To respond to this challenge, I have chosen to use the Unity game engine to recreate one house in Pompeii, the extensively decorated Casa di Octavius Quartio. While Roman homes can no longer be experienced like they once were, Unity provides for the construction of a versatile environment that can be adjusted in terms of lighting, the placement of floral decoration, and ambient sound, among other things. This model, combined with methods of analyzing view sheds and room sequences, allows me to consider how the art and space of the house function to convey social messages intended for Roman viewers. For instance, what artistic themes signify socially central rooms? How does door height correspond to placement within the house? Answering these questions is the first step to elucidating the social function of Roman homes.

The funding I received from the Honors College was used entirely to fund a trip to Pompeii at the end of January 2012. For this trip, I planned to spend several hours on site at the Casa di Octavius Quartio. During this time, I would photograph each bit of space within the house, including the elaborate frescoes and color samples thatwould be used as textures for my model. I would also obtain accurate measurements of all the house’s dimensions, since such data is not published. In addition to time on site, I also obtained permission to photograph the statuary that was found in the house.

Unfortunately, due to an Italian bureaucratic obstacle, I was not able to enter the Casa di Octavius Quartio once I reached Pompeii. A freestanding pilaster in the garden area had partially crumbled, and due to a decree of the local magistrate, the building could not be entered until it was inspected. Nevertheless, I was able to take measurements and photos from outside, which has proved helpful in deducing the dimensions of the rest of the house. Also, the two storefronts that are connected to the property were not barricaded, so I was able to measure and photograph these spaces. Luckily, my experience in the Pompeii storerooms was successful. I was able to photograph several of the house’s statuary, and the data from these images can be used to create 3D models of the artifacts.

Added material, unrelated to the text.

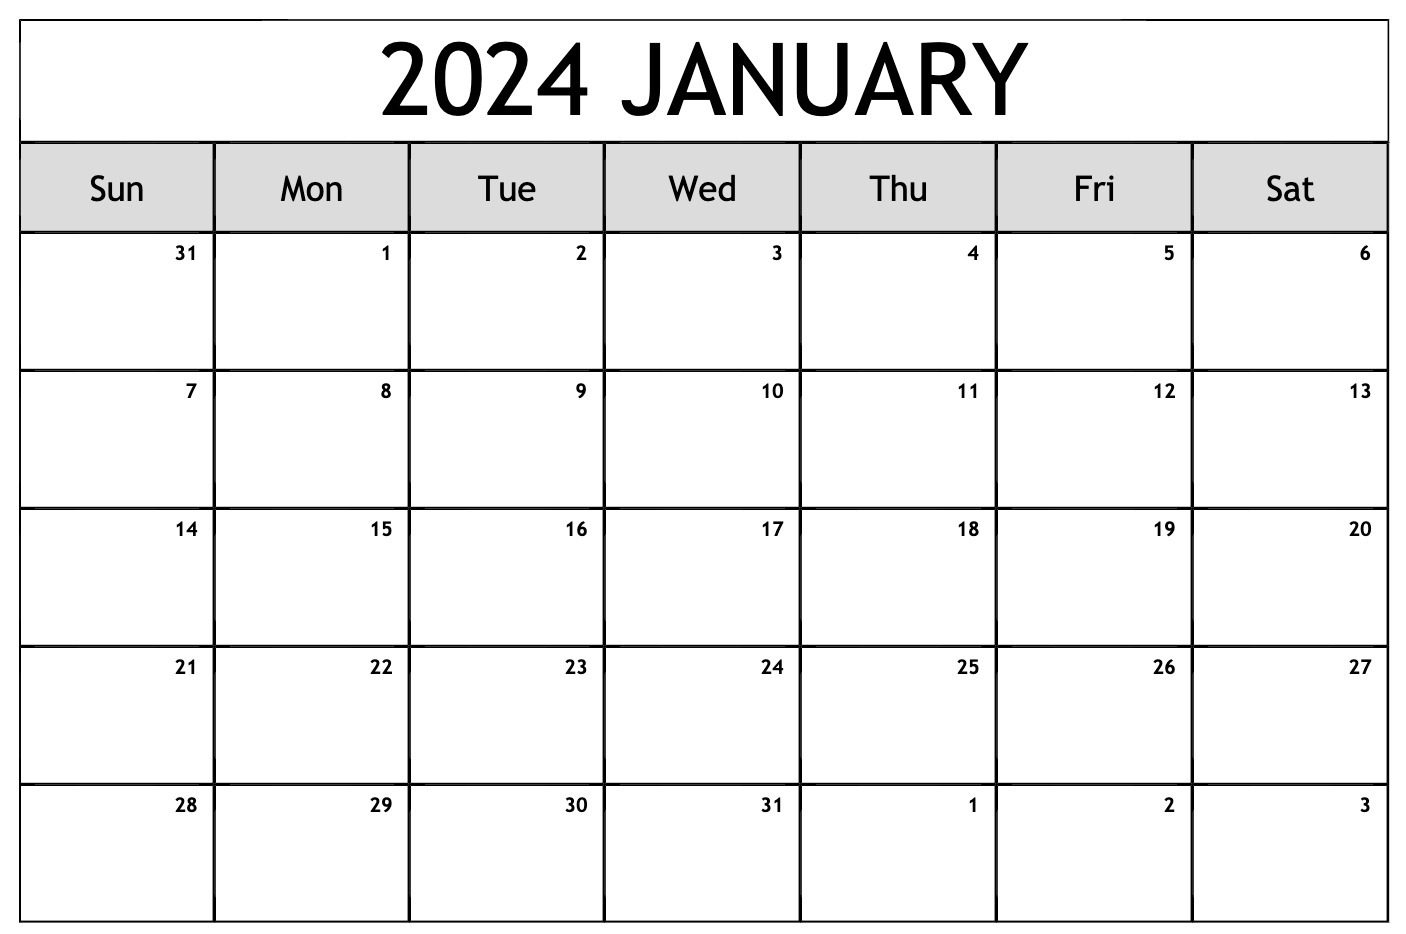 January 2024 printable calendar
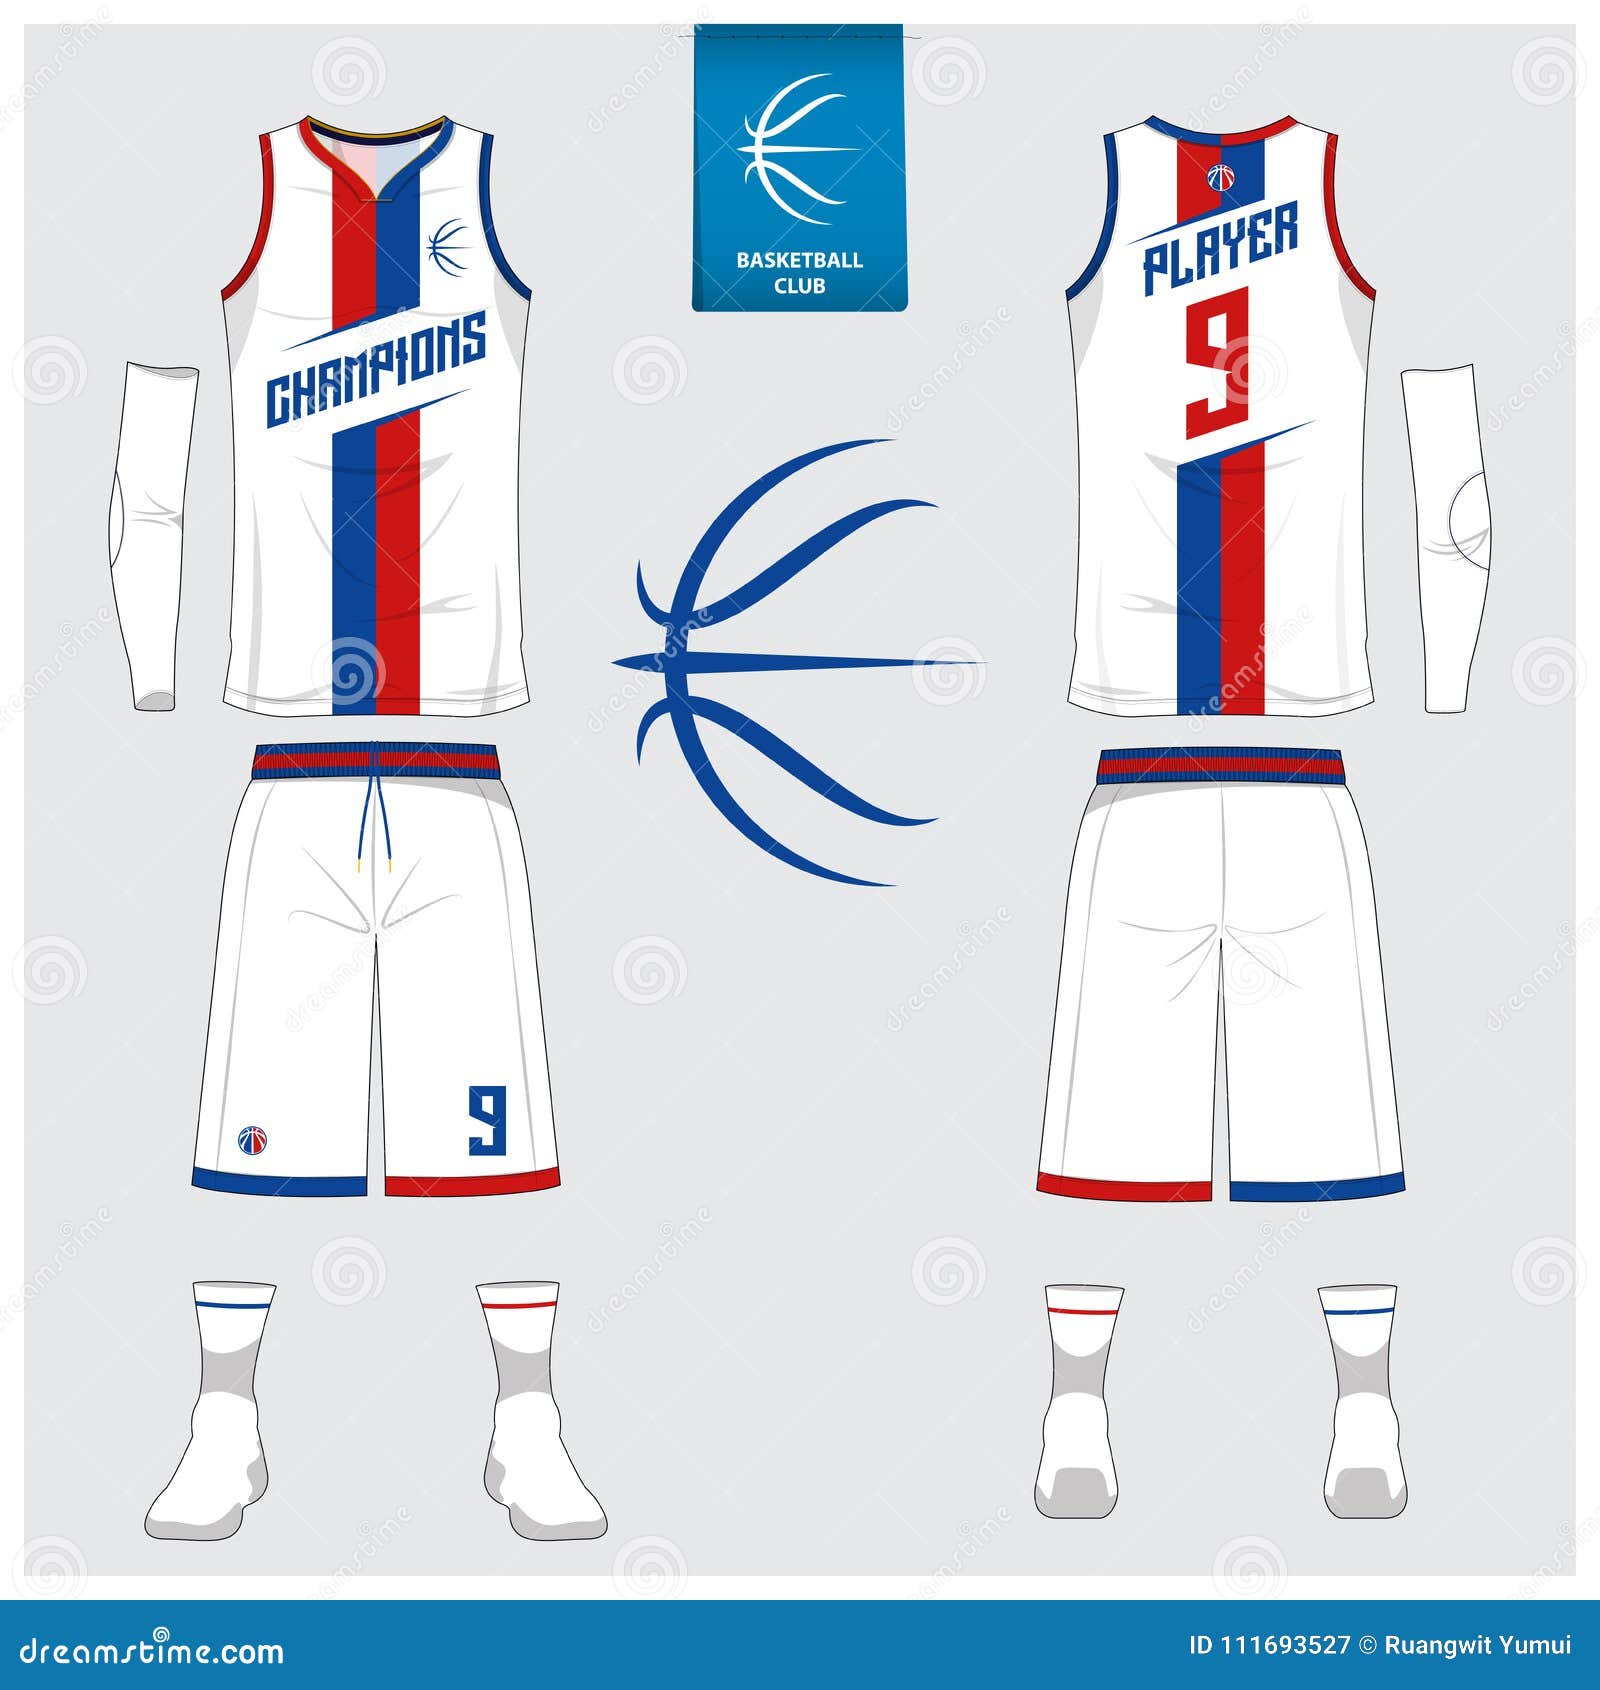 Blank Basketball Uniform Template (5) - TEMPLATES EXAMPLE

Although my research period for this grant ended in late April, I will actually continue the project until the end of June (my graduation date has since been extended to this time). Nevertheless, I have already spent over 200 hours in Dr. Dave Fredrick’s computer lab, working on modeling the house, arranging the textures of its surfaces, and using network analysis programs to obtain mathematical data about the quality of its spaces. Despite the setbacks, my trip to Pompeii was extremely informative both concerning the house itself and Pompeii as a whole. These findings are being used to supplement my findings. Although my conclusions are not solidified, I am currently nearing completion and have built a strong analysis of the house’s spatial and artistic character. Especially, I have learned that the house’s rooms form definite subsets of spatial types that share levels of decoration and social function. I have also found that the traditional descriptions of the room types within the house (dining, bedroom, etc) are entirely unfounded based on the artistic and artifact record. Unfortunately, the evidence for the house has proven to be poorly documented, unorganized, incomplete, and spread out over a variety of sources. Little has been said about the house that can be definitely ascertained. I hope for my project to form the first step of truly understanding the site in spatial and artistic terms.

My faculty mentor, David Fredrick, has played an irreplaceable role in this project. He has been present in the lab for many hours of my work, and his knowledge of Pompeii and 3D modeling informs the basis of my methodology. I have greatly enjoyed this project. I will continue similar research in graduate school, here at the Arkansas’s comparative literature program. I plan to obtain a doctoral degree eventually, and become a professor of archaeology or classical history.